We also have a new service in preview particularly targeting API Apps by offering a management experience for your APIs, Basically you can control the generate try API pages, gather execution analytics, throttle and much more. Check out the feature blog to learn more about the Azure API Management Features. And yes you can host the APIs as a App Service App and hook things up with API Management.
https://azure.microsoft.com/en-us/documentation/articles/api-management-get-started/
There was a point in time when there were differences between the different app service types, but that is no longer true. The documentation now states:
The only difference between the three app types (API, web, mobile) is the name and icon used for them in the Azure portal.
So it no longer matters which app service type you choose to deploy to (unless you care what the icon looks like).
UPDATE
Function apps are now the exception. Creating a function app changes the user interface in the portal. The underlying web app, however, is no different. Setting an app setting named FUNCTIONS_EXTENSION_VERSION = ~1 turns any web app into a function app (minus the user interface in the portal).
There are many minor difference between Web API and API Apps, but the very notable and key differences are
Native Swagger implementation - When you create API App in Visual studio, swagger reference comes by default. Swagger provide very developer friendly features for API consumers to Interact with your API thru Swagger UI. Also Swagger based API's provides client SDK generation (both .Net based client and Javascript based client) which makes easy to call API's just like regular method call.
Note: Swagger implementation on regular Web API is possible manually.
Ability to publish your API Apps into Azure Market Place. Azure Market Place is the public repository for all API Apps that can be consumed freely or by charge.
this 15 minute video from Channel 9 gives an excellent overview about Api Apps.
To supplement Greg's answer, Here's an even more recent article describing the differences.
To sum up:
"The key features of API Apps – authentication, CORS and API metadata – have moved directly into App Service. With this change, the features are available across Web, Mobile and API Apps. In fact, all three share the same Microsoft.Web/sites resource type in Resource Manager."
And here's another important note:
"If your API is already deployed as a Web App or Mobile App, you do not have to redeploy your app to take advantage of the new features."
This can depend on what you are trying to do, but you would use a Web API when you are creating a service.
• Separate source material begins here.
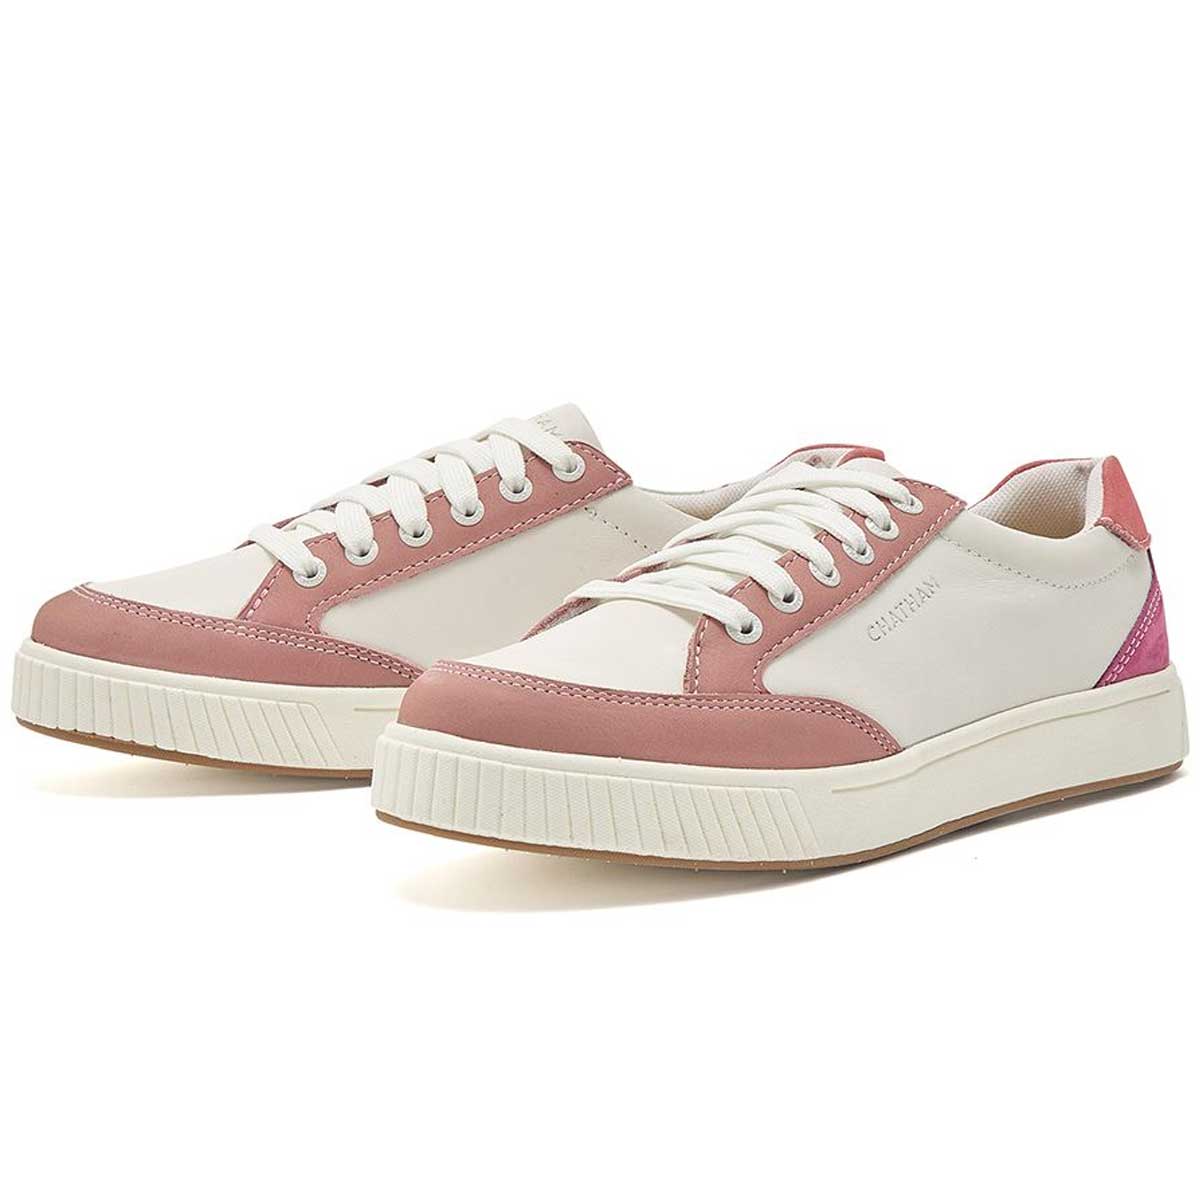 CHATHAM Fingle G2 Premium Leather Court-Style Trainers - Women's - White / Pink

ASP.Net Web API is a framework for building HTTP services that can be consumed by a broad range of clients. This allows you to build it not only for a web app, but have it open to connect to Android apps, IOS apps, web apps, Windows 8 apps, WPF apps etc..
So if you need a Web Service but you don't need SOAP then you can use Web API.
Here my comments:
API app:
Used for specific functionallity. Triggering that functionality from an URL.
Can be used to use with GET, POST, PUT, DELETE.
Can receive parameters at BODY (Json).
Response with valid status code (fail, sucess.)
Web APP: An application deployed with multiple functionallity, for example
a catalog for create, update and delete customers or to create a complete ERP.
Function APP: Is very similar to API app,
Used for specific functionallity. Triggering that functionality from an URL.
Can be used to use with GET, POST, PUT, DELETE.
Can receive parameters at BODY (Json).
Response with valid status code (fail, sucess.)
Actually you can deploy your aspnet webapi on Azure WebApp and a self host on Worker Roles.
On WebApp (former Azure websites), it will be deployed on IIS, so you can take advantage of IIS features.